In dit model gaan we van de apologie van de biologische chaos naar de triomf van de materiële chaos. De afschaffing van alle hiërarchie en correlatie bereikt zijn hoogtepunt, terwijl het egalitarisme, tot aan zijn logische grens, culmineert in de directe triomf van de dode chaos die niet alleen het subject maar ook het leven vernietigt.

Egalitarisme is de weg naar chaos

Gender, ecologische en transhumanistische agenda's zijn al onmisbaar in de nieuwe democratie. De beweging naar de uiteindelijke afschaffing van het subject en het leven in het algemeen is een vector van de toekomst, die al duidelijk is uitgestippeld. Egalitarisme is een beweging naar chaos in al zijn vormen; en altijd - in tegenstelling tot de aanvankelijke en zuiver polemische idylle - verschijnt chaos als synoniem voor Empedocles' vijandschap (νεῖκος), d.w.z. het equivalent van oorlog, agressie, vernietiging en vernietiging.
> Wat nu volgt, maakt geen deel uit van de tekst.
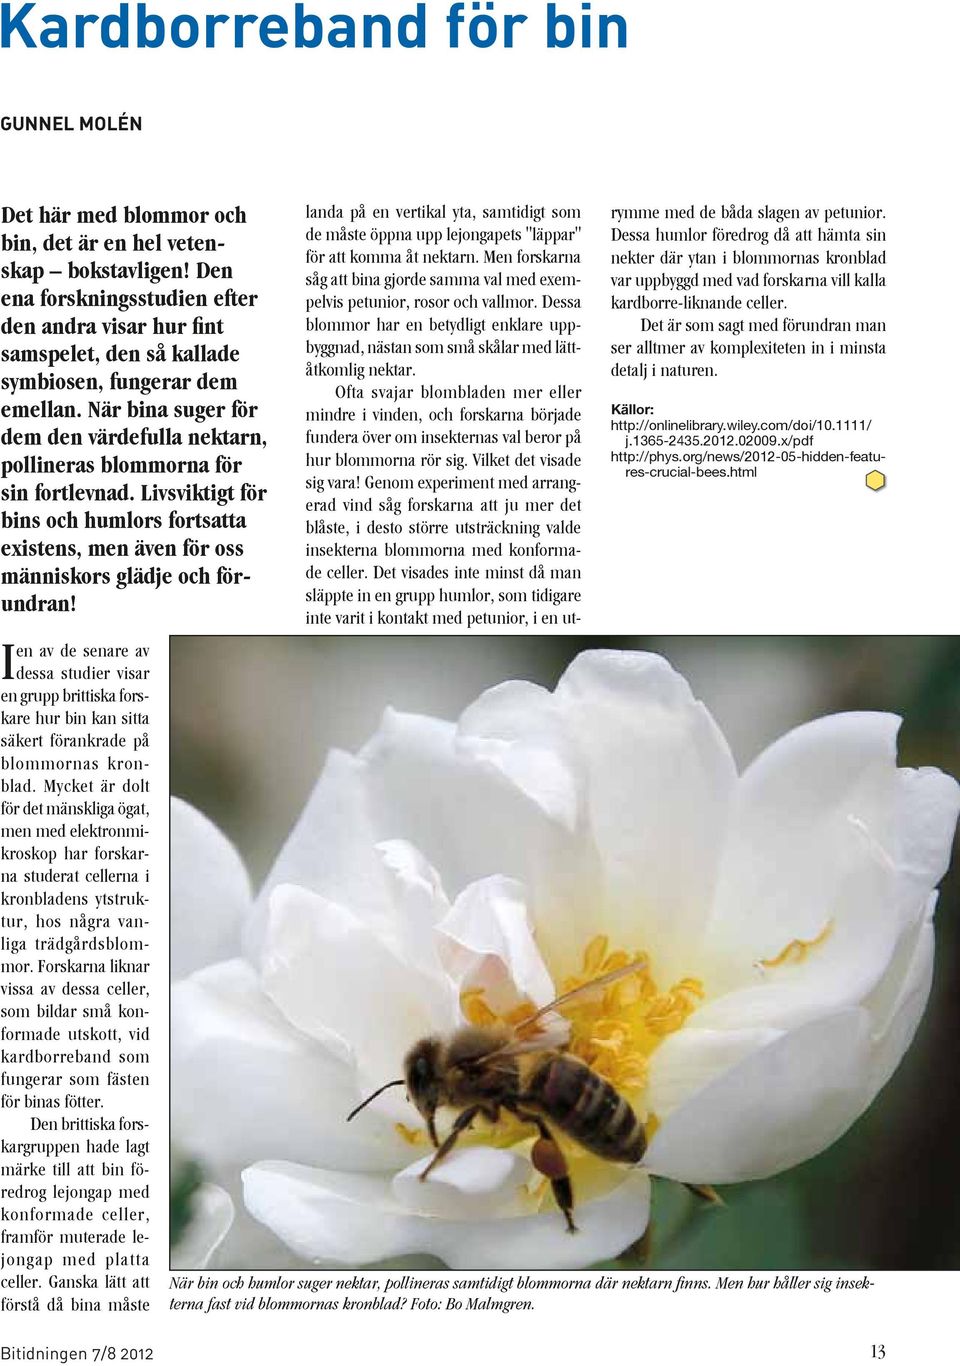 När bina suger för dem den värdefulla nektarn, pollineras blommorna för sin fortlevnad. Livsviktigt för bins och humlors fortsatta existens, men även för oss människors glädje och förundran!

Reeds de afschaffing van klassenhiërarchieën, die mensen van geestelijke en militaire aard op gelijke voet stelt met boeren, ambachtslieden en handarbeiders, brengt een onnatuurlijk sociaal milieu teweeg, waarin sprake is van een wanordelijke wirwar van lichamelijke impulsen - aangezien mensen van verschillende aard het lichaam gemeen hebben - en dan nog alleen in schijn. De burgerlijke maatschappij bevat heterogene elementen die haar systemische werking alleen maar kunnen uithollen. Bovendien verhindert de afwezigheid van hogere banen dat de lagere banen hun trajecten handhaven. Een slaaf zonder meester (in de formule van Hegel) houdt op slaaf te zijn, maar wordt ook geen meester. Hij raakt in een staat van paniek, hij begint te zwoegen, nu eens om de meester te imiteren, dan weer om terug te keren naar het gewoontebewustzijn van de slaaf. Dit is al een toestand van chaos.

Wanneer de egalitaire tendensen toenemen, wordt de chaos alleen maar groter, en de nieuwe democratie - in haar postmodernistische uitdrukking - geeft steeds openlijker toe dat zij de oorzaak is van de chaos en de toename ervan, en niet andersom. Terwijl de klassieke liberalen vertrouwden op de onzichtbare hand van de markt om de chaotische activiteit van wanhopig concurrerende marktspelers te ordenen, streven de nieuwe liberalen er openlijk naar het systeem steeds turbulenter te maken. Dit wordt de ideologie en strategie van het globalisme.

Voetnoten:

[1] Дугин А.Г. Интернальные онтологии. Сакральная физика и опрокинутый мир. М.: Директмедиа Паблишинг, 2022.
[2] Дюмон Л. Homo hierarchicus: опыт описания системы каст. М.: Евразия, 2001.
[3] Дюмон Л. Эссе об индивидуализме. Дубна: Феникс, 1997.
[4] Харауэй Д. Манифест киборгов: наука, технология и социалистический феминизм 1980-х . М.: Ад Маргинем Пресс, 2017.
[5] Дильтей В. Описательная психология.  СПб.: Алетейя, 1996.
[6] Ламетри Ж. О. Сочинения. М.: Мысль, 1976.
[7] Мейясу К. После конечности: Эссе о необходимости контингентности. — Екатеринбург; М.: Кабинетный ученый, 2016.
[8] Land N. Fanged Noumena: Collected Writings 1987-2007. Urbanomic/Sequence, 2011.